Charlotte Brontë April 21, 1816 - March 31, 1855 Charlotte was the oldest of the three Brontë sisters who survived into adulthood and whose work have become classics of English literature. She was a poet and novelist who first published her works (including her best known novel, Jane Eyre) under the pen name Currer Bell.

Robert Frost March 26, 1874 - January 29, 1963 Frost was an American poet and four-time Pulitzer Prize winner in poetry. Robert Frost is highly regarded for his realistic depictions of rural life through language and situations familiar to the common man. Some of his most known works include The Road Not Taken and Maple.

Herman Melville August 1, 1819 - September 28, 1891 Melville was an American novelist, poet, and short story writer of the American Renaissance period. Melville is best known for Typee (1846), a romantic account of his experiences in Polynesian life, and his whaling novel Moby-Dick (1851).

Virgil October 15, 70 BC. - September 21, 19 BC. Virgil was an ancient Roman poet of the Augustan period. He is known for three major works of Latin literature, the Eclogues (or Bucolics), the Georgics, and the epic Aeneid. His Aeneid has been considered the national epic of ancient Rome from the time it was written to the present day. Virgil is traditionally ranked as one of Rome's greatest poets.
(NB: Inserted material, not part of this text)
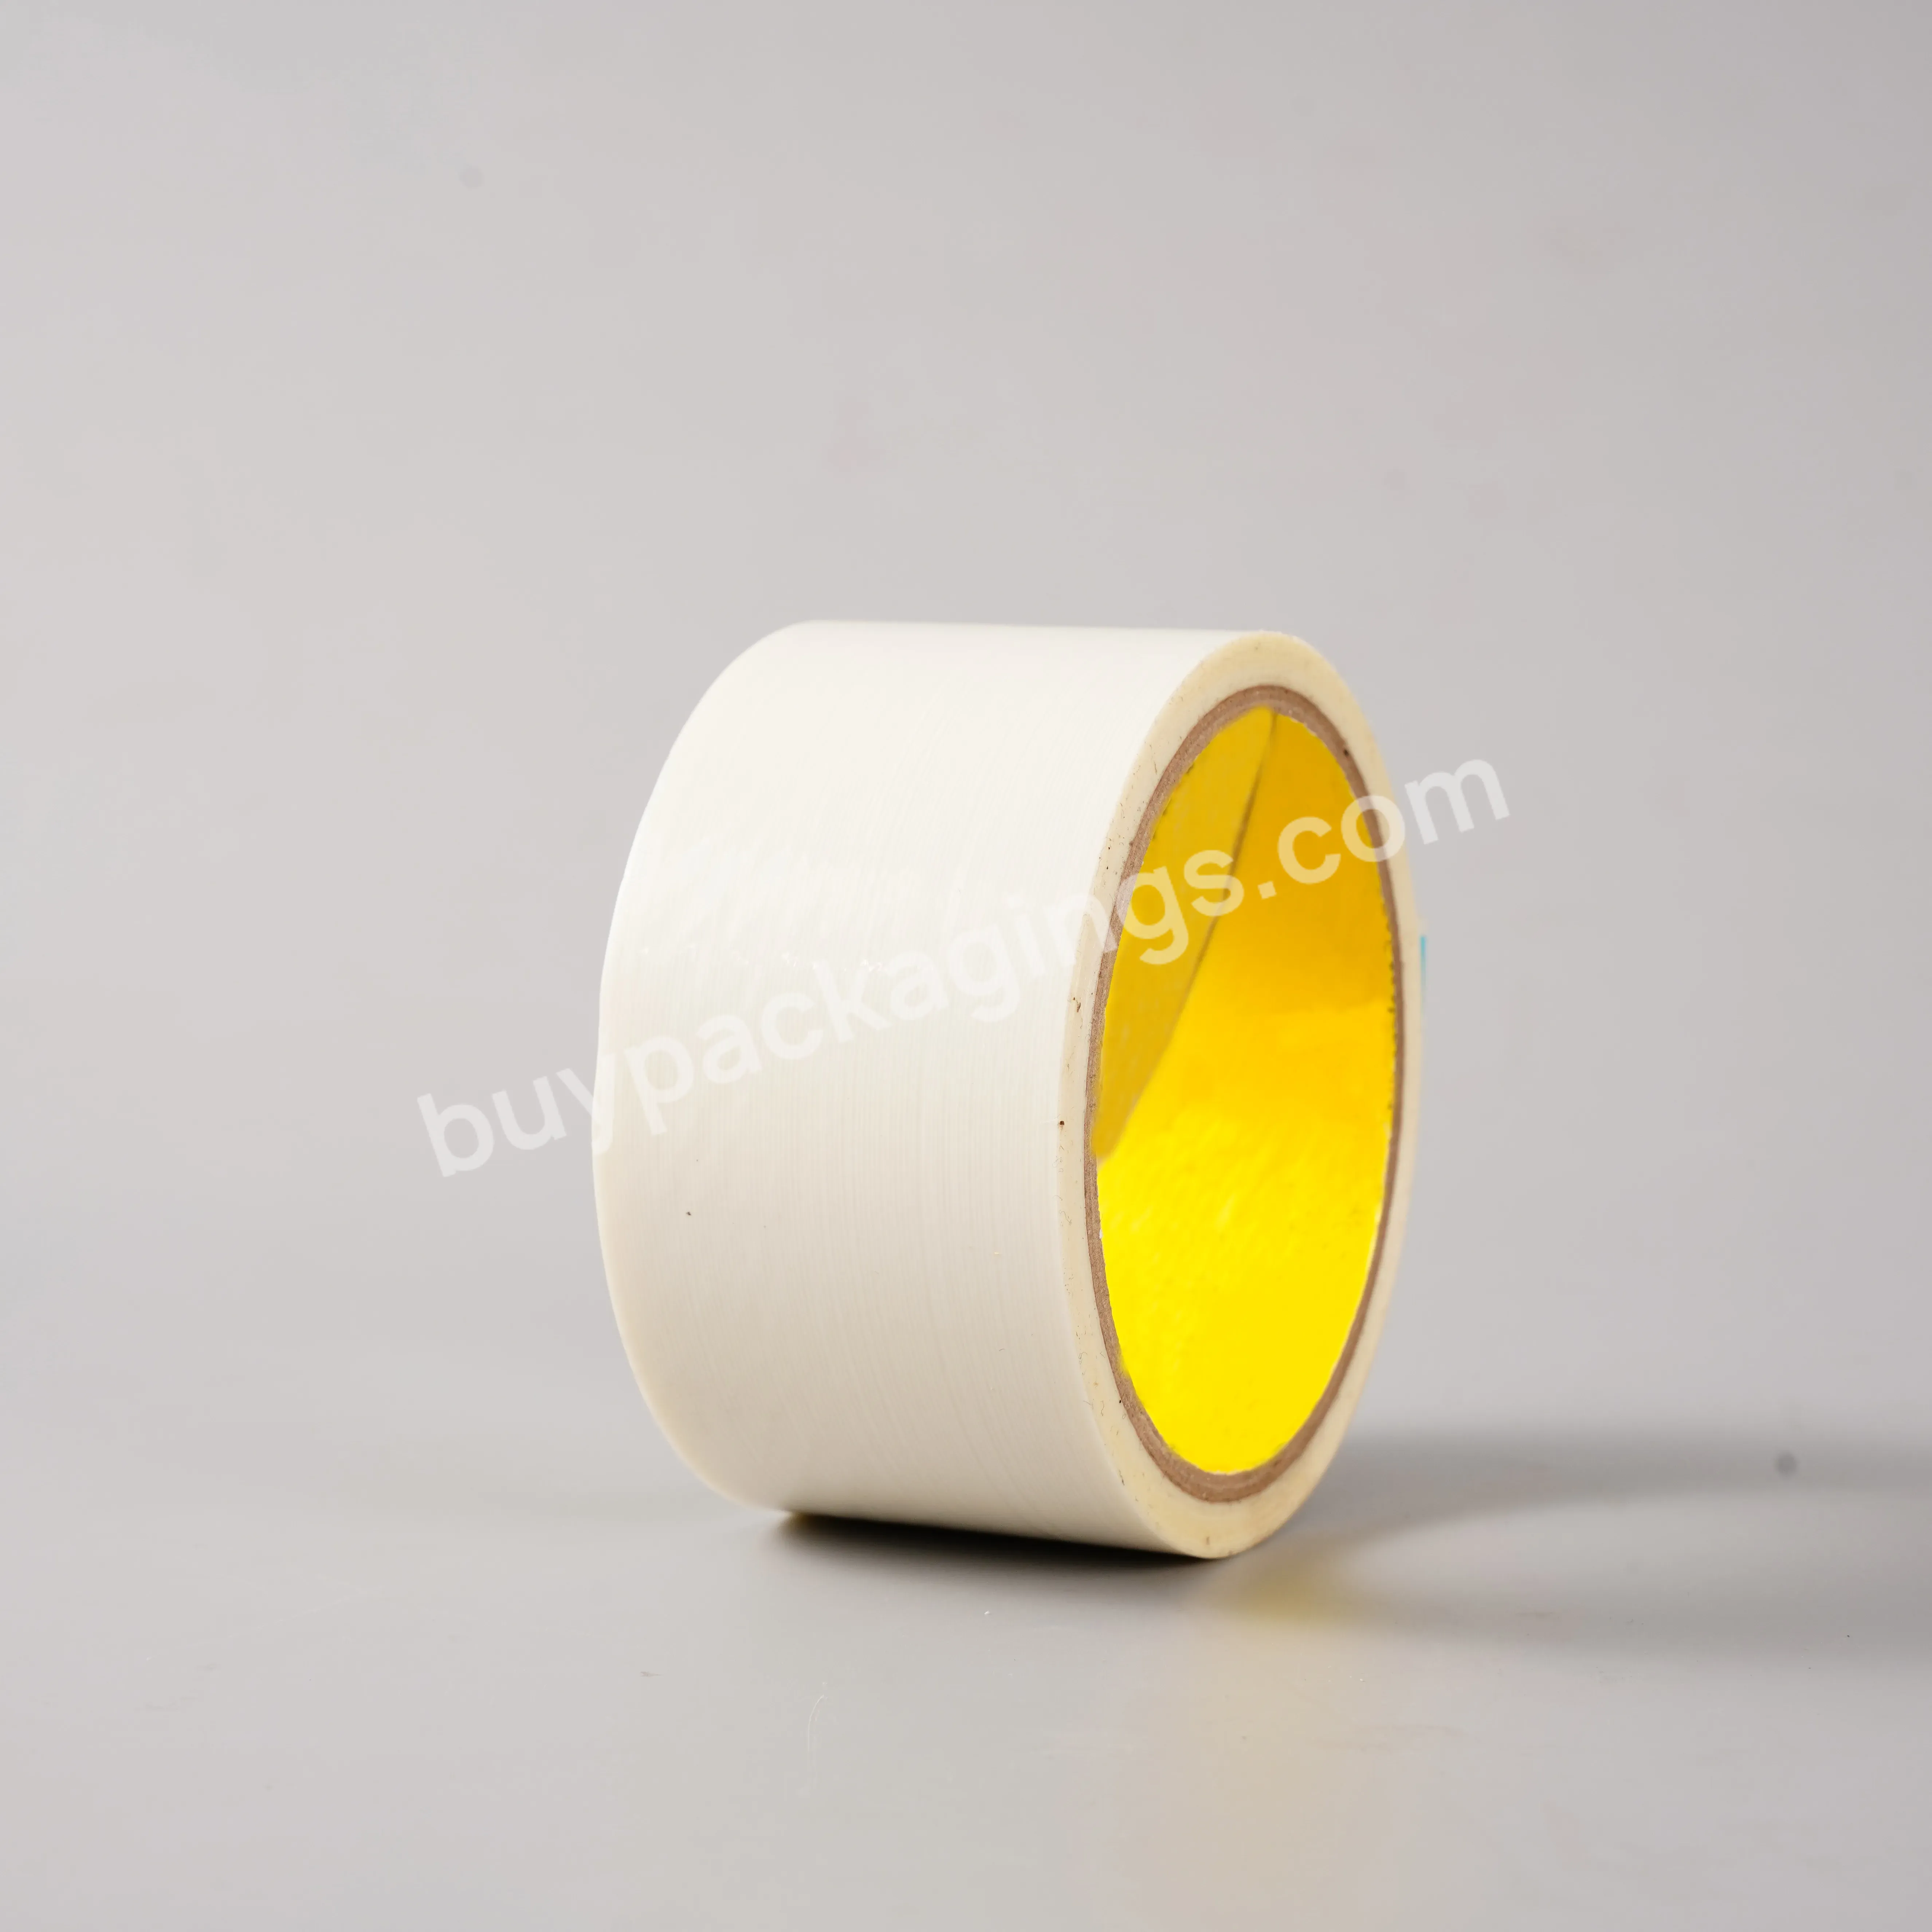 Manufacturers Direct Sales Of Encrypted Glass Fiber Tape Without Trace For Refrigerator Tape - Buy Glass Cltoh Silicone Tap,Fiberglass Packaging Tape,Cross Weave Tape.

Homer Born between the 12th and 8th centuries BC Homer is best known as the author of the Iliad and the Odyssey. He was believed to have been the first and the greatest of the epic poets by the ancient Greeks. Both works have had an enormous effect on Western culture, but very little is known about the author.

William Blake November 28, 1757 - August, 12 1827 Blake was an English poet, printmaker, and painter. Blake was largely unrecognized during his lifetime. He is now considered an influential figure in the history of the poetry and visual arts of the Romantic Age.

Hans Christian Anderson April 2, 1805 – August 4, 1875 Hans Christian Andersen was a Danish author best known for writing children's stories, including "The Little Mermaid" and "The Ugly Duckling." His fairy tales are published in numerous collections during his life and many are still in print today. He was also a prolific writer of plays, novels, travel essays, and poems.

Courtesy of: Scott Medders Winston Churchill November 30, 1874 - January 24, 1965 Churchill was a British statesman who was the Prime Minister of the United Kingdom. He won the Nobel Prize in Literature, and was the first person to be made an honorary citizen of the United States.

Franklin Delano Roosevelt March 4, 1933 - April 12, 1945 A political leader who served as the 32nd President of the United States from 1933 to 1945. Roosevelt was the president during the great depression and helped the American people regain faith in themselves.

Douglas MacArthur January 26, 1880 - April 5, 1964 MacArthur was an American five-star general who commanded the Southwest Pacific in World War II (1939-1945). He oversaw the successful Allied occupation of postwar Japan and led United Nations forces in the Korean War (1950-1953).

Harry S. Truman May 8, 1884 - December 26, 1972 Truman was the 33rd President of the United States from 1945 - 1953. He served as the United States Senator from Missouri (1935-45) and was briefly vice president before he became president on April 12, 1945, upon the death of Franklin D. Roosevelt.

Adolf Hitler April 20, 1889 - April 30, 1945 Adolf Hitler was a German politician who was the leader of the Nazi Party, Chancellor of Germany from 1933 to 1945, and Führer of Nazi Germany from 1934 to 1945. He initiated World War II in Europe with the invasion of Poland in September 1939 and was a central figure of the Holocaust.